Home Minister Buta Singh described the incident as, "a very serious attempt on the part of terrorists to whip up tension along communal lines."

=== Various other actions ===
In a meeting with top KLF leaders, including Budhsinghwala and Navroop Singh, in Sri Hargobindpur Toofan Singh took responsibility for an explosion at a liquor store in Batala. 15 people were killed, 50 were injured, 4 shops were blown up, and 1 van was blown up in the explosion.

On 3 August 1989, under Budhsinghwala Kulwant Singh, a senior KLF member, and another killed Charan Das. Das was the head of a heterodox Dalit Sikh group and had been accused of blasphemy of Guru Granth Sahib.

Three days later on 16 September 1989, Manish Karma, son of SP Des Raj, would be kidnapped by Budhsinghwala to secure the release of Khalistan Liberation Force members. Manishu was let go in exchange for the release of Budhsinghwala's allies 3 or 4 days after being captured.

On 23 July 1990, KLF, KCF, BKI, and SSF collectively claimed responsibility for killing the Chief Engineer of the SYL, ML Sekhri, and Superintending Engineer of the SYL, Avtar Singh. They were killed while attending a meeting with fellow engineers in Chandigarh.

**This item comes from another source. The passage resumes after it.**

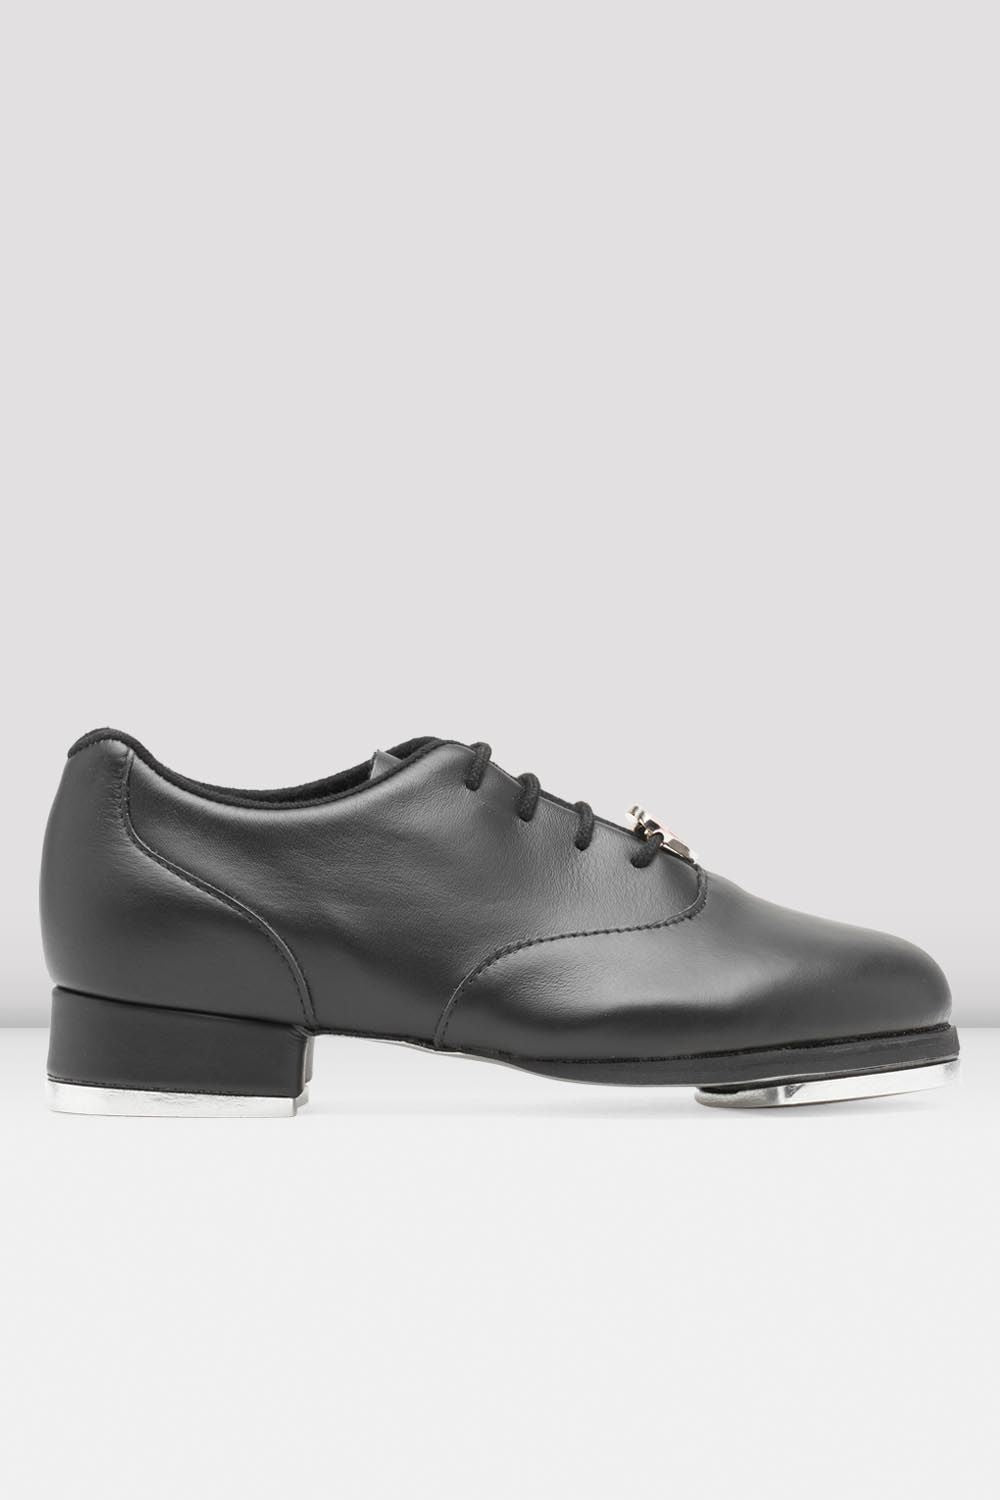 Louis Vuitton Black Leather Backstage Flat Sandals Size 9.5/40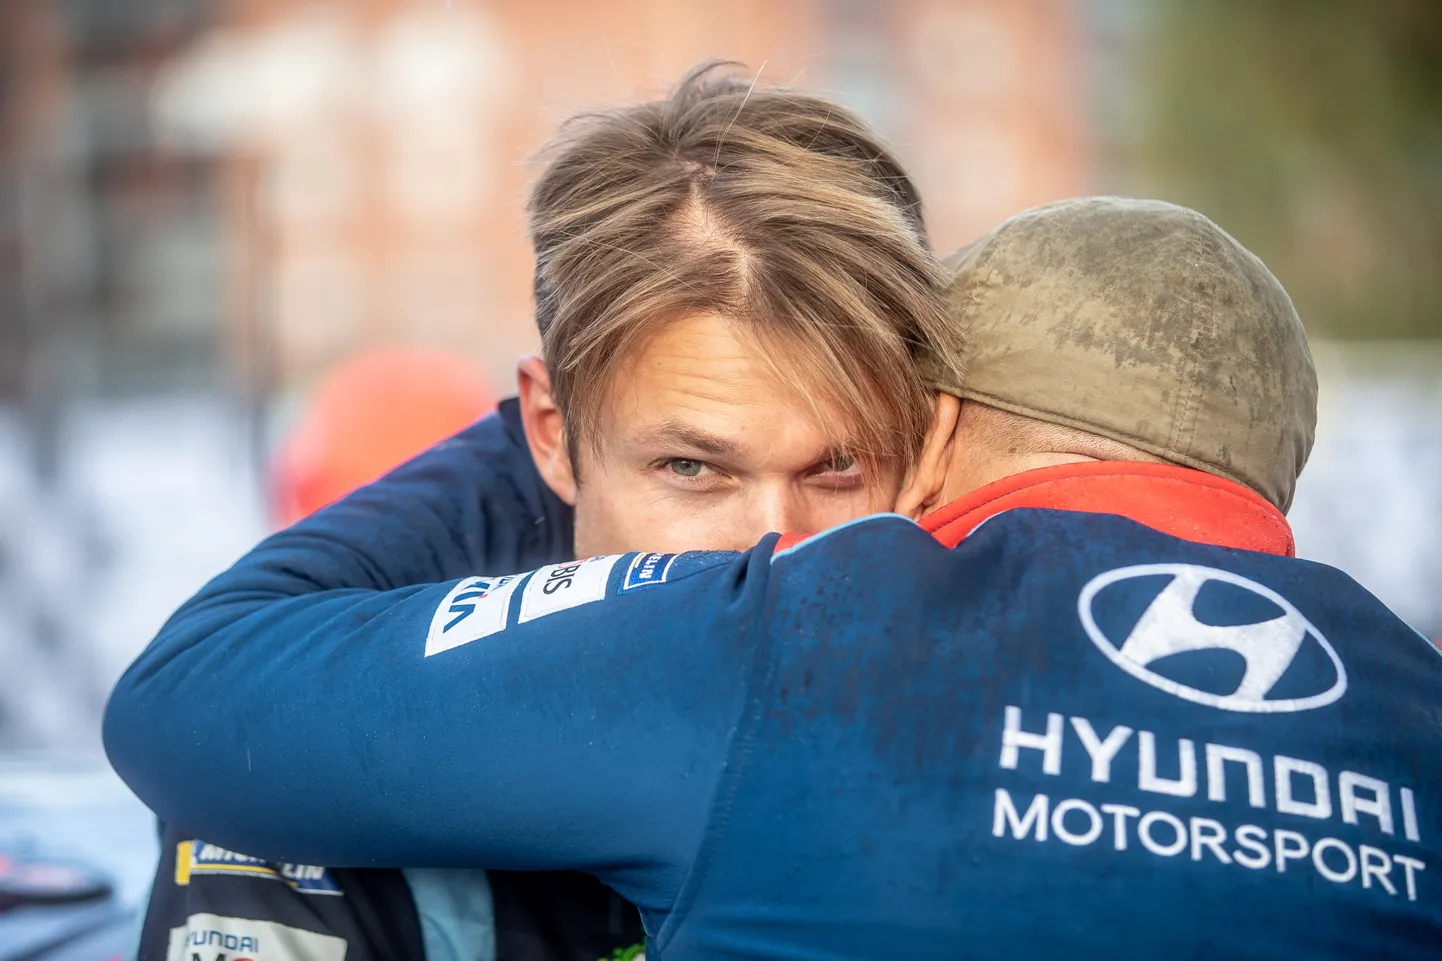 Viimati kihutas Andreas Mikkelsen Hyundai leeris. Kuid see ei tähenda tulevikku silmas pidades midagi.

On 9 October 1991, Budhsignhwala along with Bhindranwale Tiger Force, Khalistan Commando Force, and the Sikh Students Federation kidnapped Romanian charge d’affaires Lividu Radu. Radu was taken from his car at around 8 am. He was forced into the vehicle of Budhsinghwala and co by 4 Sikhs who were armed. Quickly after the kidnapping, many raids were launched by security forces. Exit routes from Delhi were blocked and authorities in Uttar Pradesh and Haryana were warned of the situation. The kidnappers demanded the release of the killers of General Vaidya. Two of whom were Harjinder Singh Jinda, and Sukhdev Singh Sukha.The kidnappers threatened to kill Radu if their demands weren't met by 19 October. The deadline passed, but Sikh militants did not harm Radu. The Indian government refused to meet any of the Sikh's demands. Radu was kept in Delhi until 27 October. He was then moved to Punjab by car. On 25 November Radu was released unharmed after 48 days.

On 26 October 1991, R. N. Goyal, Chief Health Officers Ludhiana, Bachitar Singh Director Health Services Punjab, and 5 others were killed by KCF, KLF, BTFK, BKI, and SSF. They claimed that the doctors had discriminated against Sikhs, and aided the police in extrajudicial killings.

=== Wanted for ===
Budhsinghwala was responsible for the killings of over 1,000 people including key police officers and politicians.

==Death==
Budhsinghwala was killed in a police encounter on 29 July 1992, in Ludhiana, when he and other members of KLF were meeting. The firefight took several hours. Police stated that Singh was killed in the house where a meeting was taking place, while some witnesses claim that he was killed in an alleyway 50 m away from the house. His body was not returned to his family and was secretly cremated as police feared that his body might be used as a propaganda tool. At the time of his death, he was wanted in 37 cases of assassination.

There was a 2.5 million rupee bounty on Gurjant Singh at his time of death.

A two-day general strike was started in Chandigarh by all Akali Dal factions to protest against the killing of Budhsinghwala. According to police it had, "…paralysed life in six districts."

After Budhsinghwala's death, Pritam Singh Sekhon succeeded him as head of the KLF.